5. That the Secretary of Health and Human Services or his/her designee and/or the A/B MAC, DME MAC, CEDI, or
other contractor if designated by CMS has the right to audit and confirm information submitted by the provider and
shall have access to all original source documents and medical records related to the provider’s submissions,
including the beneficiary’s authorization and signature. All incorrect payments that are discovered as a result of such
an audit shall be adjusted according to the applicable provisions of the Social Security Act, Federal regulations, and
CMS guidelines;
6. That it will ensure that all claims for Medicare primary payment have been developed for other insurance involvement
and that Medicare is the primary payer;
7. That it will submit claims that are accurate, complete, and truthful;
8. That it will retain all original source documentation and medical records pertaining to any such particular Medicare
claim for a period of at least 6 years, 3 months after the bill is paid;
9. That it will affix the CMS-assigned unique identifier number (submitter ID) of the provider on each claim electronically
transmitted to the A/B MAC, CEDI, or other contractor if designated by CMS;
10. That the CMS-assigned unique identifier number (submitter identifier) or NPI constitutes the provider’s legal electronic
signature and constitutes an assurance by the provider that services were performed as billed;
11. That it will use sufficient security procedures (including compliance with all provisions of the HIPAA security
regulations) to ensure that all transmissions of documents are authorized and protect all beneficiary-specific data
from improper access;
12. That it will acknowledge that all claims will be paid from Federal funds, that the submission of such claims is a claim
for payment under the Medicare program, and that anyone who misrepresents or falsifies or causes to be
misrepresented or falsified any record or other information relating to that claim that is required pursuant to this
agreement may, upon conviction, be subject to a fine and/or imprisonment under applicable Federal law;
13. That it will establish and maintain procedures and controls so that information concerning Medicare beneficiaries, or
any information obtained from CMS or its A/B MAC, DME MAC, CEDI, or other contractor if designated by CMS shall
not be used by agents, officers, or employees of the billing service except as provided by the A/B MAC, DME MAC or
CEDI (in accordance with §1106(a) of the Social Security Act (the Act);
14. That it will research and correct claim discrepancies;
15. That it will notify the A/B MAC, CEDI, or other contractor if designated by CMS within 2 business days if any
transmitted data are received in an unintelligible or garbled form.
CMS AGREES TO:
The Centers for Medicare & Medicaid Services (CMS) will:
1. Transmit to the provider an acknowledgment of claim receipt.

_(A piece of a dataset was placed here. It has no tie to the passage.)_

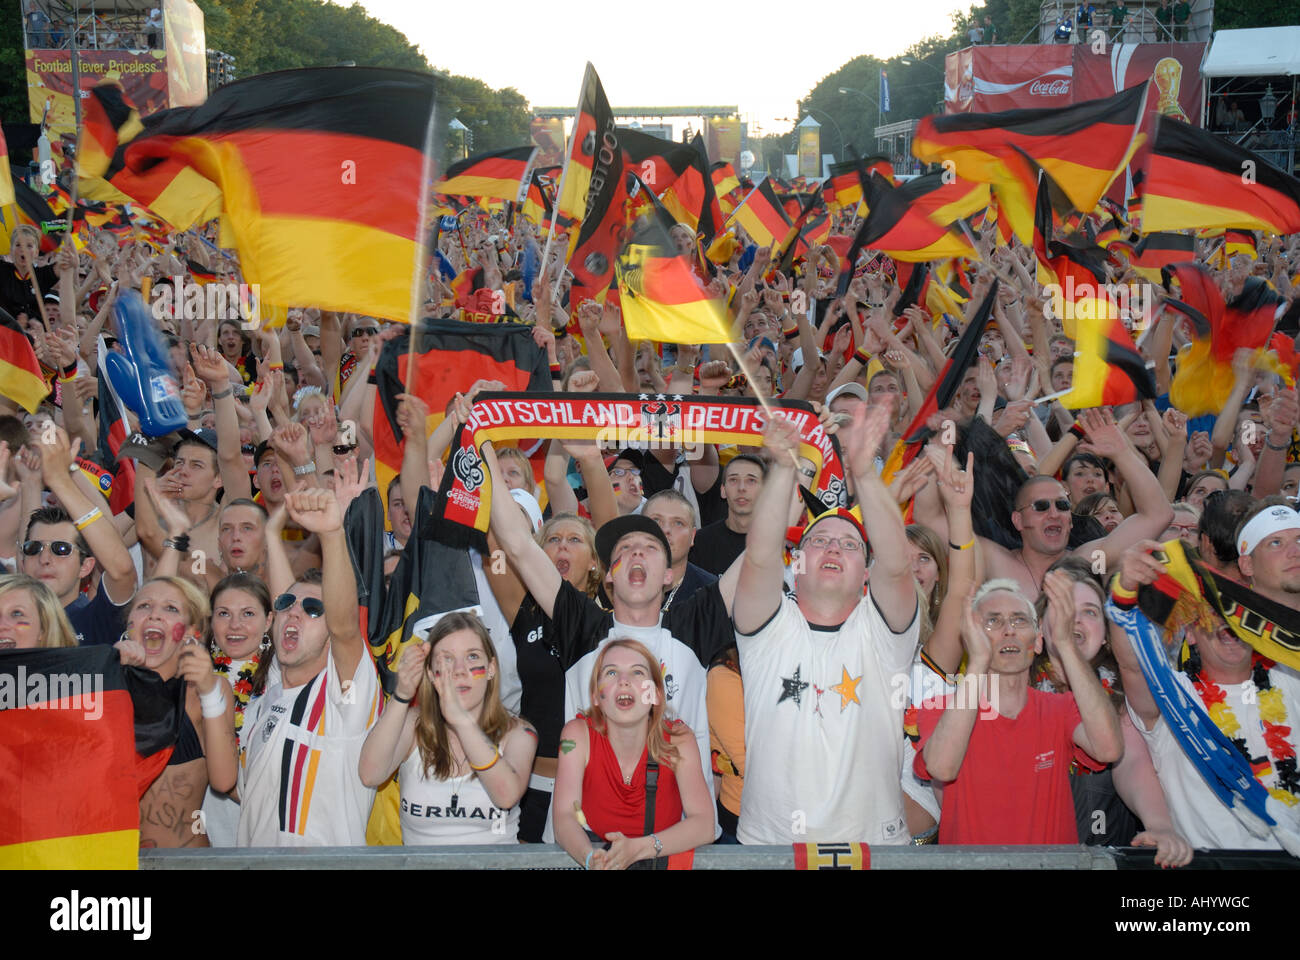 German fans waving flags in Berlin Stock Photo
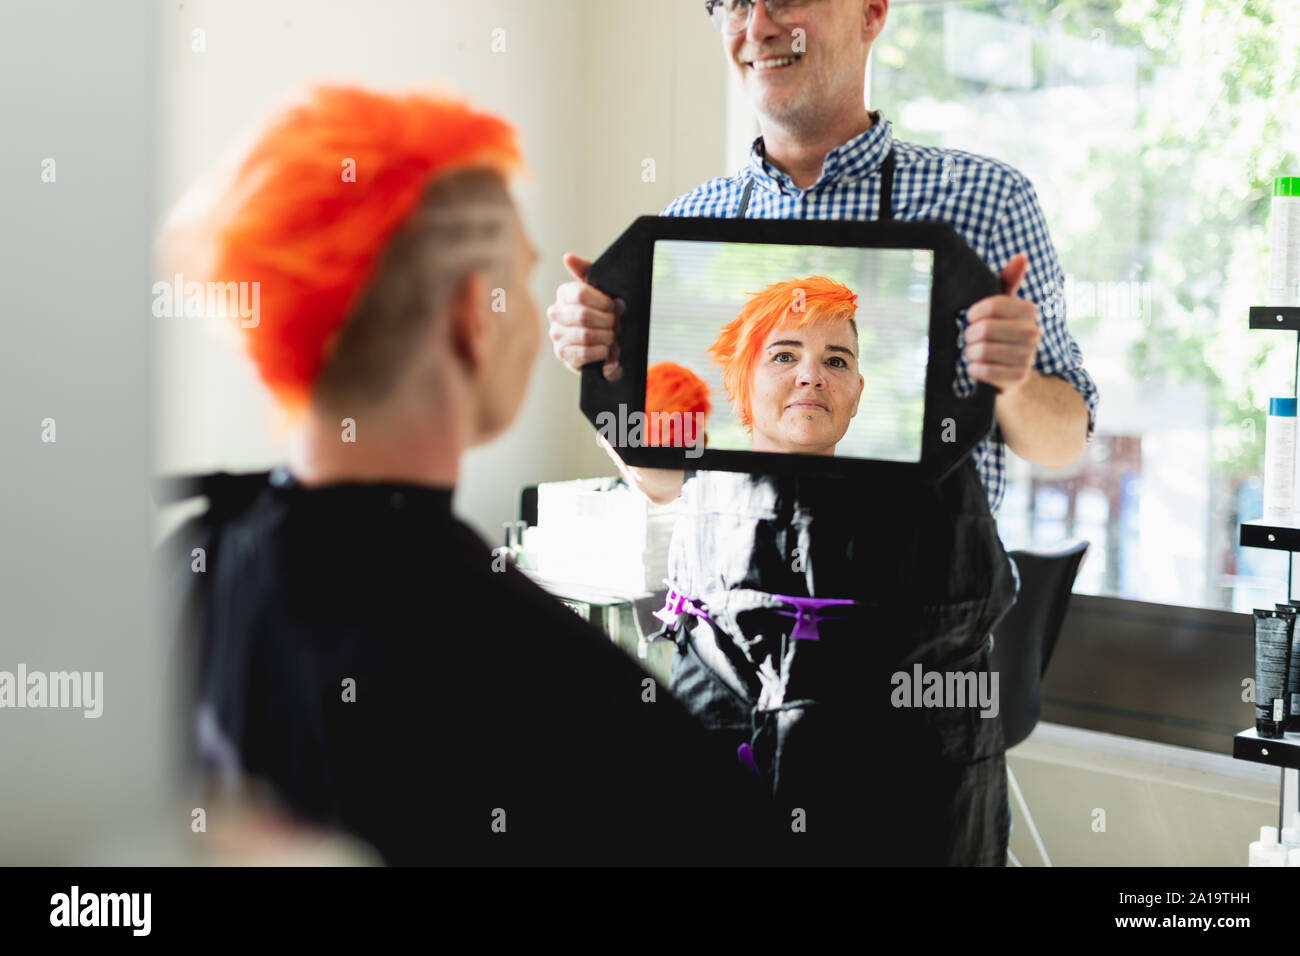 Coiffure hommes et femmes client en coiffure Banque D'Images

2. Affix the A/B MAC, DME MAC, CEDI or other contractor if designated by CMS number, as its electronic signature, on
each remittance advice sent to the provider;
3. Ensure that payments to providers are timely in accordance with CMS' policies;
4. Ensure that no A/B MAC, CEDI, or other contractor if designated by CMS may require the provider to purchase any
or all electronic services from the A/B MAC, CEDI or from any subsidiary of the A/B MAC, CEDI, other contractor if
designated by CMS, or from any company for which the A/B MAC, CEDI has an interest. The A/B MAC, CEDI, or
other contractor if designated by CMS will make alternative means available to any electronic biller to obtain such
services.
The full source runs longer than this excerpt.